Reviewed by Steven H Silver


After taking it on the chin through Return Engagement and Drive to the East, the United States is finally able to get back some of its own in Settling Accounts: The Grapple, the third and penultimate volume in the Settling Accounts series.  This rethinking of World War II follows on Harry Turtledove's lengthy re-envisioning of American history from 1862 in How Few Remain, The Great War, and American Empire series.

The main thrust of this novel follow the United States Army, led by General Irving Morrell, as it first tries to push the Confederate forces out of Ohio and then down through Kentucky, Tennessee, and into Georgia.  Other story lines follow the conflict between Jefferson Pinkard, trying to murder negroes at Camp Determination in West Texas while the US under Abner Dowling is trying to capture the camp to use as a propaganda tool.  In Washington and Richmond, Flora Hamburger Blackwood and Jake Featherston continue to provide behind the scenes insight into their respective governments.

In fact, Turtledove's cast of characters has grown so vast, a scorecard is needed at times.  The theaters of activity have continued to grow and change.  Turtledove often kills off one character in order to replace them with a related character, either in the same area, or related in some fashion.  As in the previous novels, several of Turtledove's viewpoint characters do not manage to make it to the end of The Grapple.

While in previous novels in the series, the characters have focused their attention on the here and now, in The Grapple, more and more of the characters are beginning to wonder about the world they will live in after the war. This may be an indication that the war itself will end early in In at the Death, although the action at the end of The Grapple seems to indicate otherwise.

Given how much of the novel is spent looking at the tactical aspects of the war, Turtledove also manages to show a significant amount of the world outside the war:  Major Leonard O'Doull visits his home in Rivière-du-Loup for his son's wedding, George Enos, Jr. manages to get leave long enough to visit his wife in Boston, and the citizens of Snyder, Texas come face to face with the atrocities of Camp Determination. These moments are welcome as they show the way the war reaches those who aren't actively taking part in it, although more civilian point of view characters would have been welcome.

There is an excitement about The Grapple as the novel and the series builds towards a crescendo.  The war has reached a strange point where it appears the outcome is inevitable, but the Confederacy's Jake Featherston, as well as author Harry Turtledove, both appear to have surprises in store for the reader. While some of Turtledove's subplots naturally come to conclusions in The Grapple, others are continued or even ignored throughout the novel.  Turtledove provides reminders of all these subplots, even when they don't appear to be moving forward, and he introduces new plots as well.

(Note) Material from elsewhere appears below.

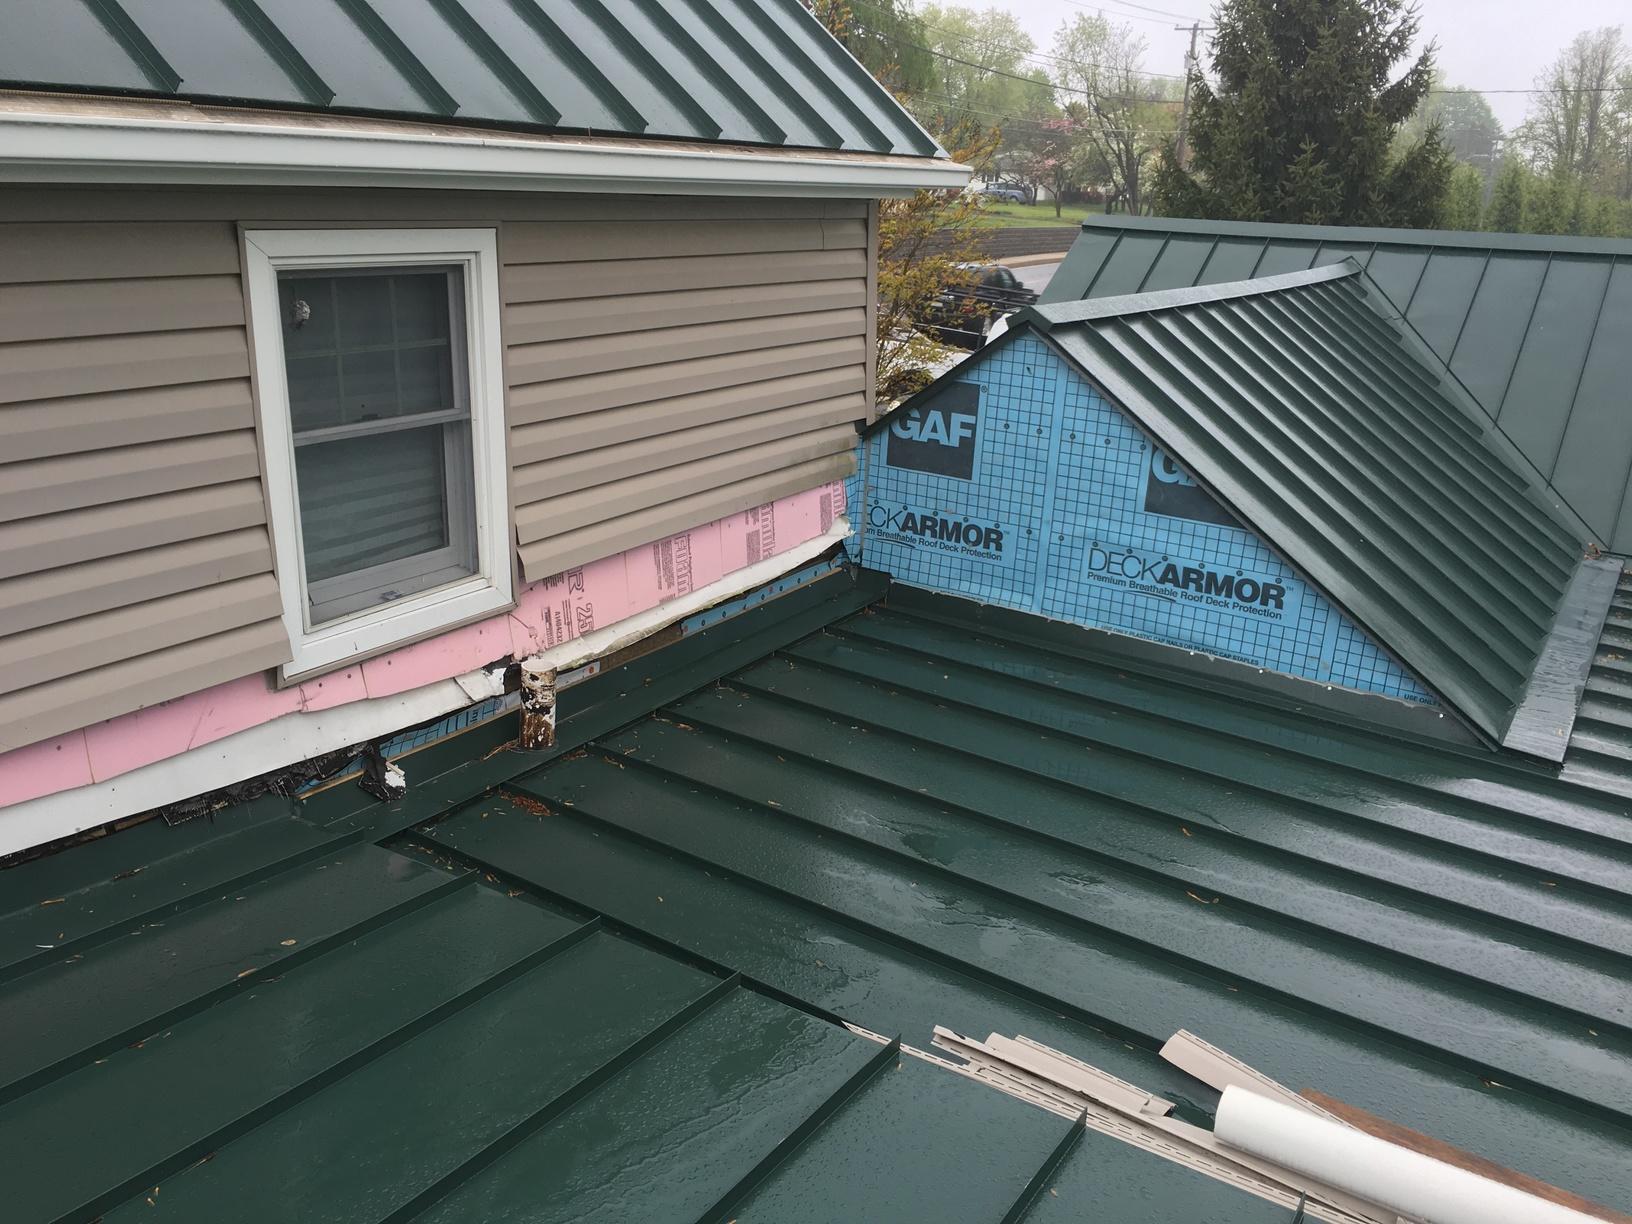 Progress Photo of Hartford Green Standing Seam Metal Roof Installation in Bensalem, PA

While Turtledove appears to be promising an end to the war in the next installment, it would be nice to know that the series will tackle the more difficult issues of what happens after the war when the US and the Confederacy must live side by side in peace, or the US must rule over the Confederacy as an occupied territory.  Turtledove provides a hint of this with US President Charles La Follette's desire to see states readmitted to the US as they are captured from the Confederacy, but it is clear that such a plan has its own inherent dangers.

The Grapple is one of the strongest books in the extended series Turtledove began with How Few Remain.  Many of the characters and situations he introduced throughout the previous nine novels are finally coming to fruition and paying the reader back for the time spent moving through the world of the Confederacy and the strange US which isn't our.